Старик поднял голову… медленно оглянулся вокруг, прислушиваясь к чему-то и глубоко вдыхая терпкий аромат сырой, после только что стаявшего снега земли, застыл на мгновение, закрыв глаза, потом вновь наклонил седую голову и, оперевшись подбородком на скрещенные на ручке палки сухие ладони, посмотрел на реку. Отсюда, с высоты обрыва хорошо было видно, как воды реки порывисто несут упругое ее тело вниз по течению. В это время года, в начале апреля, вода в реке высокая, все еще темная и очень бурная. Это летом, и в особенности отчего-то – осенью, движение вод становится более плавным, оставаясь все таким же стремительным… Он снова задумался о чем-то…
О чем?..
Апрельский ветерок тихонько прошелестел в соснах, чирикнула птичка, и опять воцарилась тишина, сквозь которую шумела чуть слышно река. Река… Он слушал шум реки… Она так же шумела и пятьдесят лет назад.
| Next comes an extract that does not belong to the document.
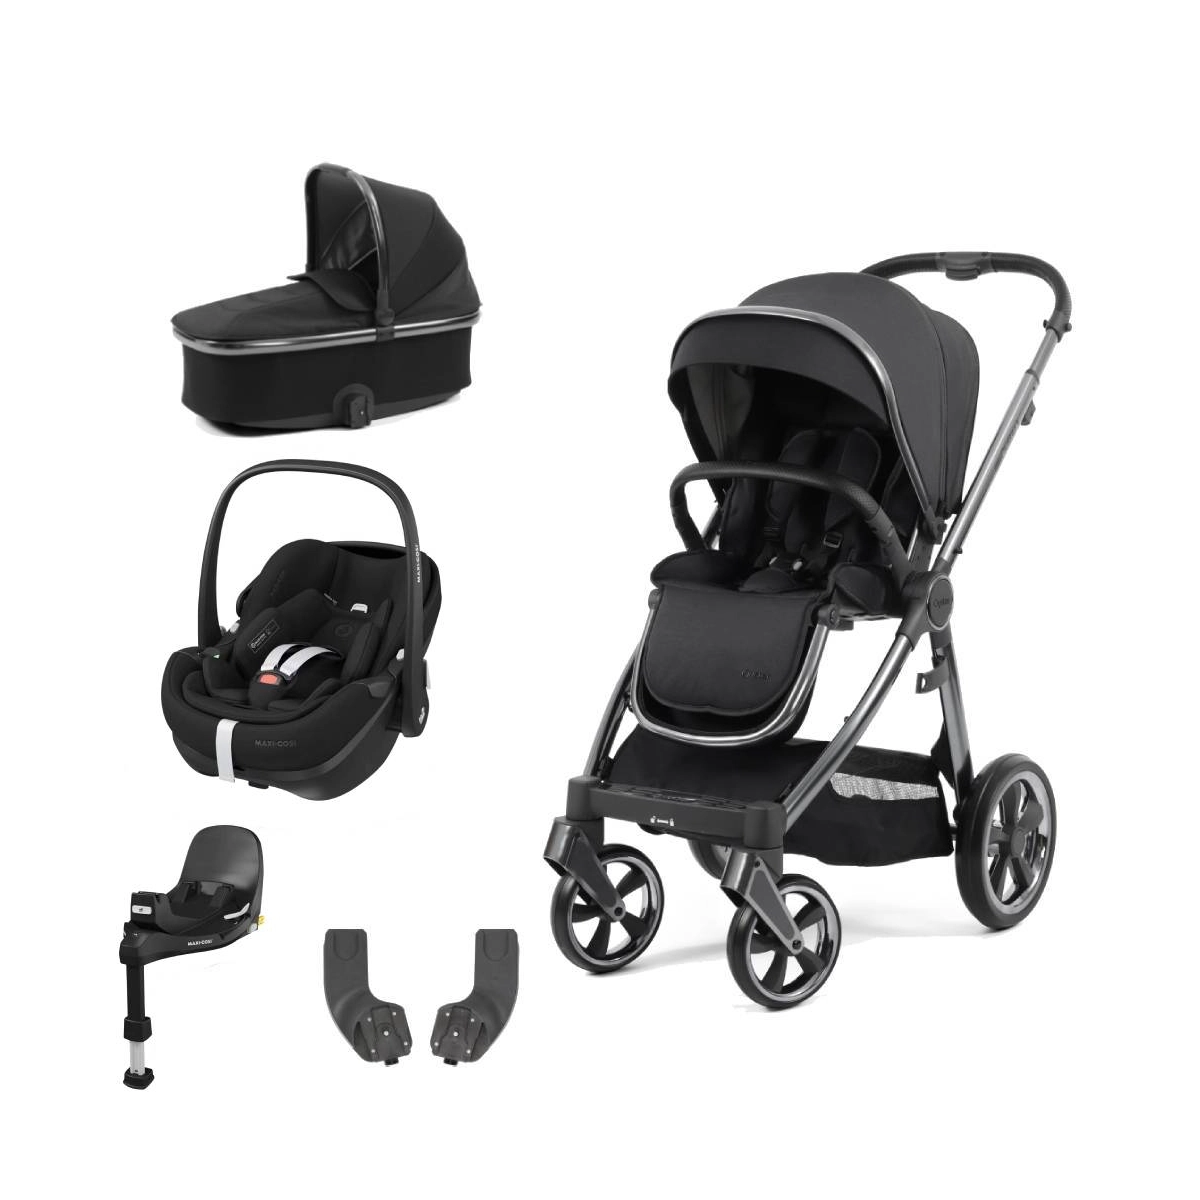 BabyStyle Oyster 3 Gun Metal Chassis Essential 5 Piece Bundle with Maxi Cosi Pebble 360 Pro Car Seat & Base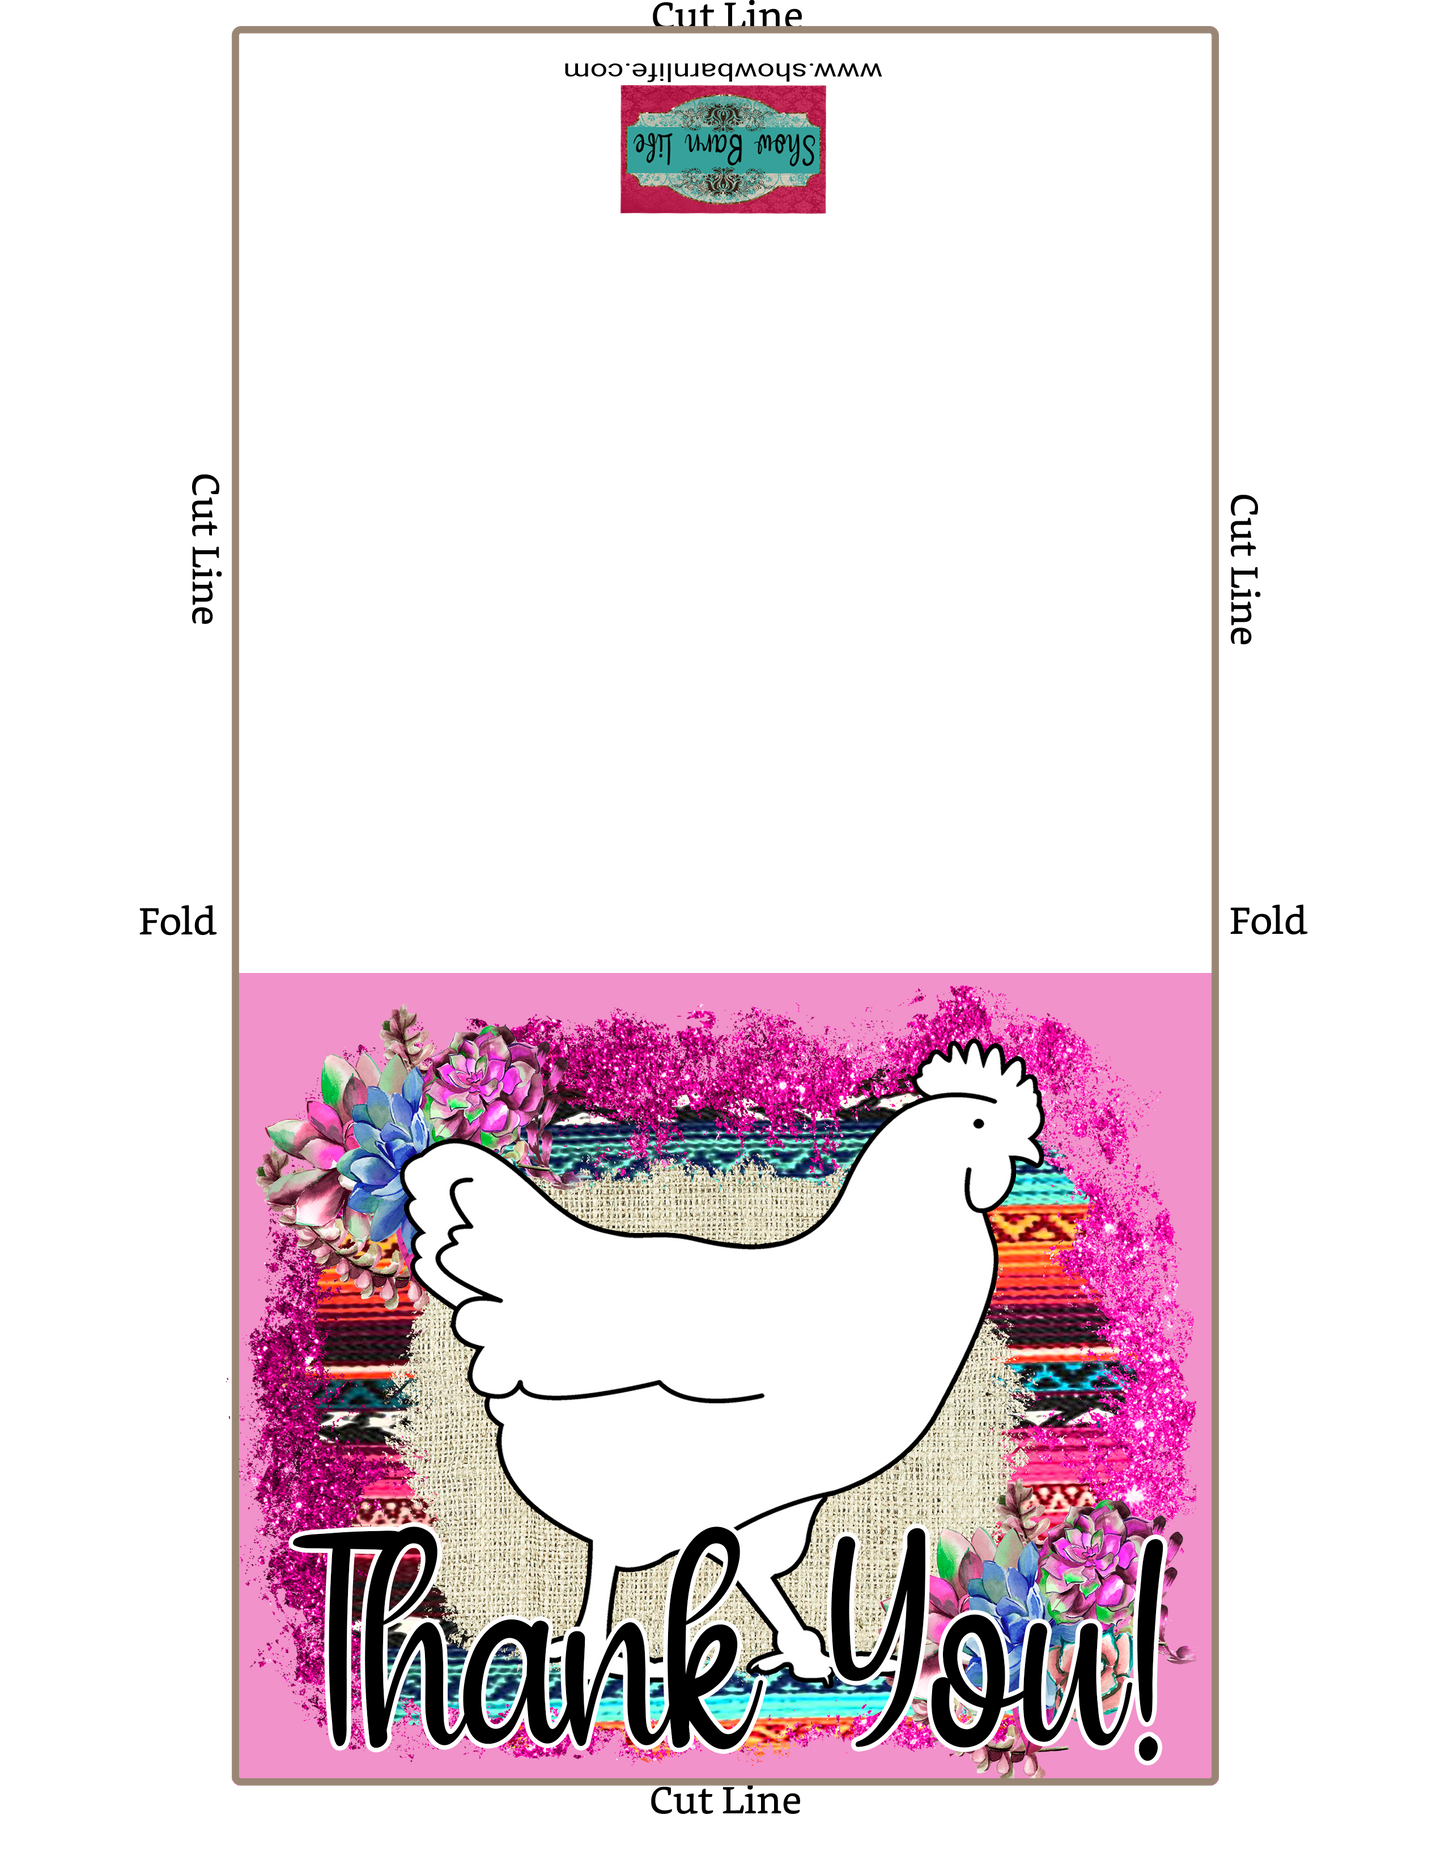 Livestock Show Thank You Card - Show Poultry - 5 x 7" Envelope Template  - Pink Serape Succulents - Poultry Digital Cards

В тот яркий солнечный день, когда он, молодой и полный сил, счастливый своим счастьем любить, и, не смея показать ей это, шел по грунтовой дорожке их любимого леса и, держа ее за руку, наполнялся восторгом от ее близости, от податливости ее руки в своей руке и от осознания своей физической силы и власти над ней.
Он вел ее на Остров Любви.
Кто бы мог подумать, что так замечательно, в его власти, начинавшаяся история с походом на этот желанный для всех влюбленных в их городке и всех, без исключения, приезжавших на курорт отдыхающих остров, окончится для него таким поражением? И из-за чего? Старик улыбнулся – теперь он мог улыбаться над этим. А тогда… тогда ему было совсем не до улыбок.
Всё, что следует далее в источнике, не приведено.